The AIIM Blog - Overcoming Information Chaos

#Snowmaggedon, #Carmaggedon, and the Vulnerability of Our Information Systems

Written by John Mancini | Jan 23, 2016 3:42:25 PM

I live in the Washington, DC, area. That admission is the first step on the 12 step recovery process from Snow Panic Addiction.

Washington, DC LOVES nothing better than a snow panic. We close our schools, not when there is snow on the ground, but when it is still 200 miles away.

Just to give you a sense, this is what the snow looked like at 1:05 p.m. on Friday. And our schools had been closed for two days at that point.

 

 In case you have been living in a bunker without communications like the Unbreakable Kimmy Schmidt for the past week, the East Coast is in the middle of a MASSIVE! HISTORIC! EPIC! snowstorm. And even better, we in Washington, DC, are going to be the leaders in snow accumulation. Take that, Syracuse and Philadelphia and New York and Boston! Speaking of Kimmy Schmidt, that might be a good binge-watch during the storm.

We are calling this a #SnowMaggedon. Just because. It is better than our usual Washington, DC naming convention, “SnowGate.”

But before this storm, we had Wednesday night, and many outside the DC have confused this “storm” with what is going on now. The “storm” on Wednesday was about ½ inch of snow, at exactly the right time. Evening rush hour. And then…

 CARMAGGEDON

Technically, this was CarMaggedon II – almost five years to the day after CarMaggedon I. This is a DC phenomenon we have about once every three years that dramatizes the delicate edge of traffic insanity upon which we live.

People coming home from work on Wednesday had 4, 5, and 6-hour commutes to go about 10 or 15 miles. Even President Obama was stuck in traffic for over an hour. Hundreds of accidents and traffic snarled everywhere.

Whenever things go this terribly wrong – often unpredictably and under the most modest of causes – it reminds me of the challenges of operating and maintaining systems at a massive scale.

99.9% of the time, DC traffic, while bad, is somewhat predictable. But chaos can enter into complex systems from the most benign of causes. I work in the IT industry, and it makes me think about the unbelievably complex and massive information systems that we rely on day in and day out without giving them a thought.

Every business, every organization, relies on complex information systems smoothly handling massive amounts of information, just like commuters rely on complex transportation systems to handle ever-increasing numbers of cars until they don’t.

At their core, modern organizations are systems of information networks. They rely on the smooth flow of information within and across networks. The information flowing through and across these networks is growing at a compounded rate of 50% per year. And like our transportation planners who think that the only solution to congestion is more roads, organizations think they can just add more and more storage to handle massively increasing volumes of information. Organizations are now looking at potential information Carmaggadons of their own. We call this “Information Chaos” -- I call it "Mancini's Law" -- and we published a free e-book about it last year.

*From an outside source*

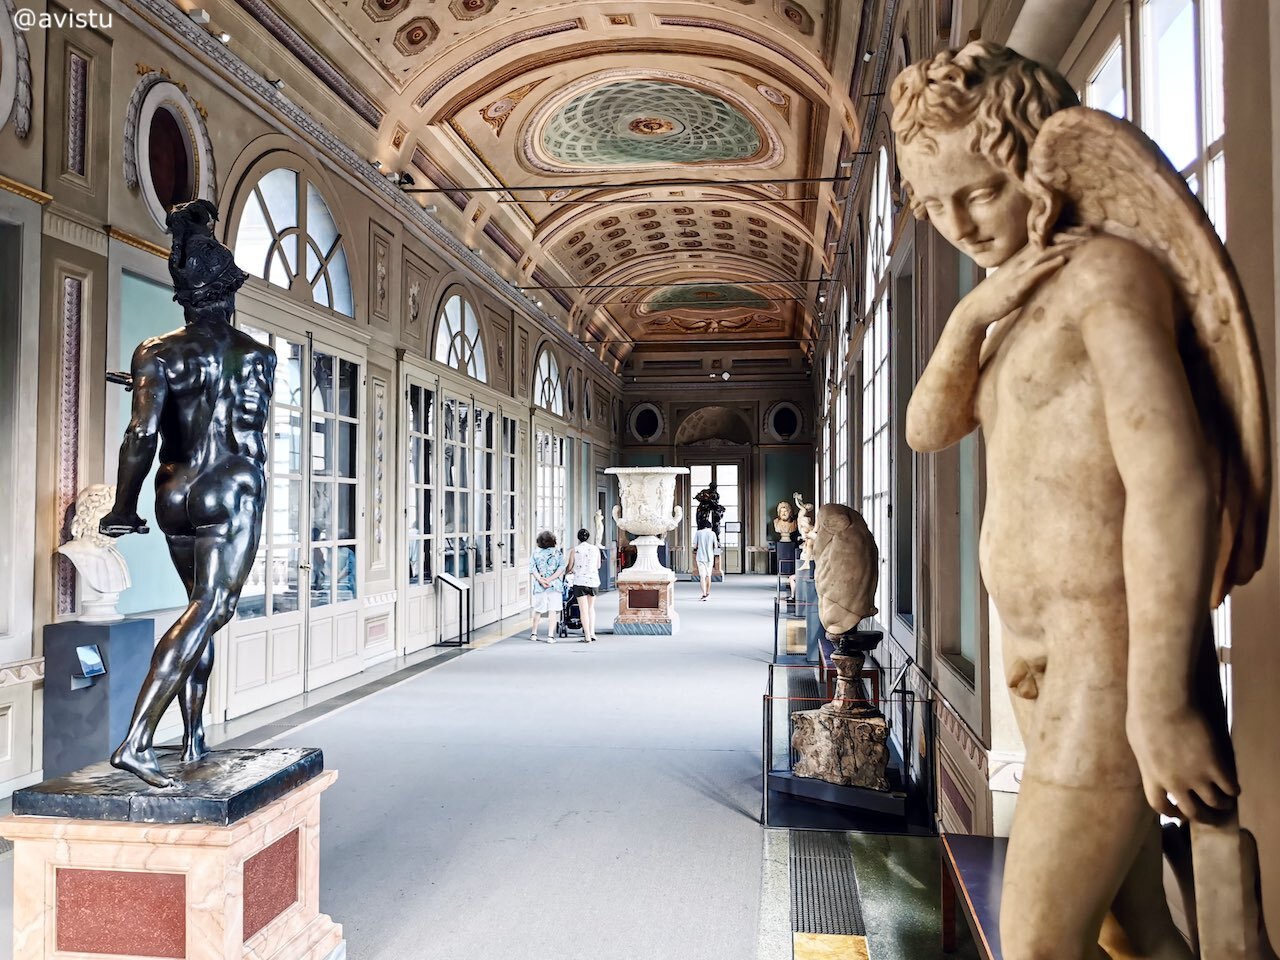 Esculturas en uno de los pisos que une las dos alas de la Galería Uffizi en Florencia [(c)Foto: @avistu]
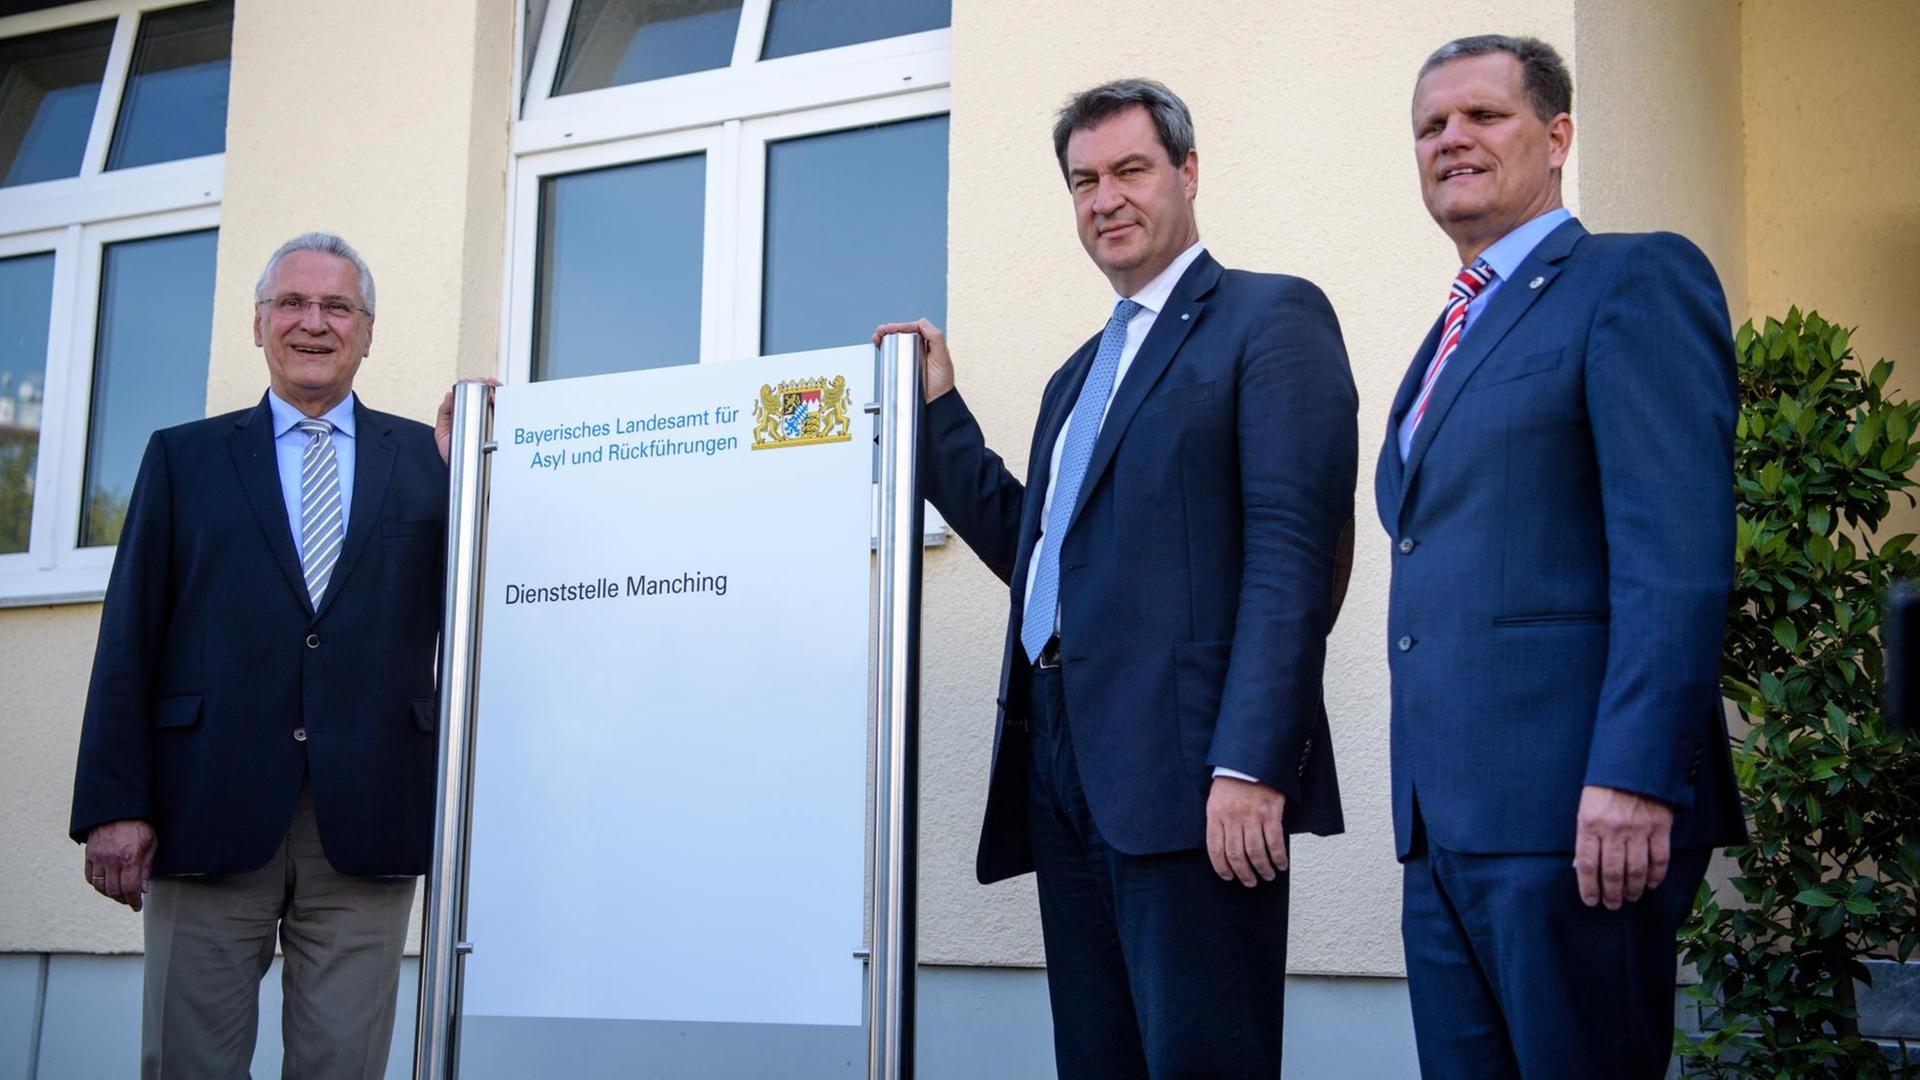 Das Foto zeigt von links nach rechts Bayerns Innenminister Joachim Herrmann (CSU, l-r), Ministerpräsident Markus Söder (CSU), und Thomas Hampel, den Präsident des Landesamtes für Asyl und Rückführungen.

For now, though, maybe I won’t worry about the snowstorm. I published an earlier version of this post on SlantNews yesterday, and since then, it has been snowing like a moose (technical term). This has actually turned out to be one of those snowstorms worth worrying about.  Here is what it looks like right now (10 am Saturday), and it's still snowing.

Perhaps it’s time for a glass of wine and a Kimmy binge. Stay safe.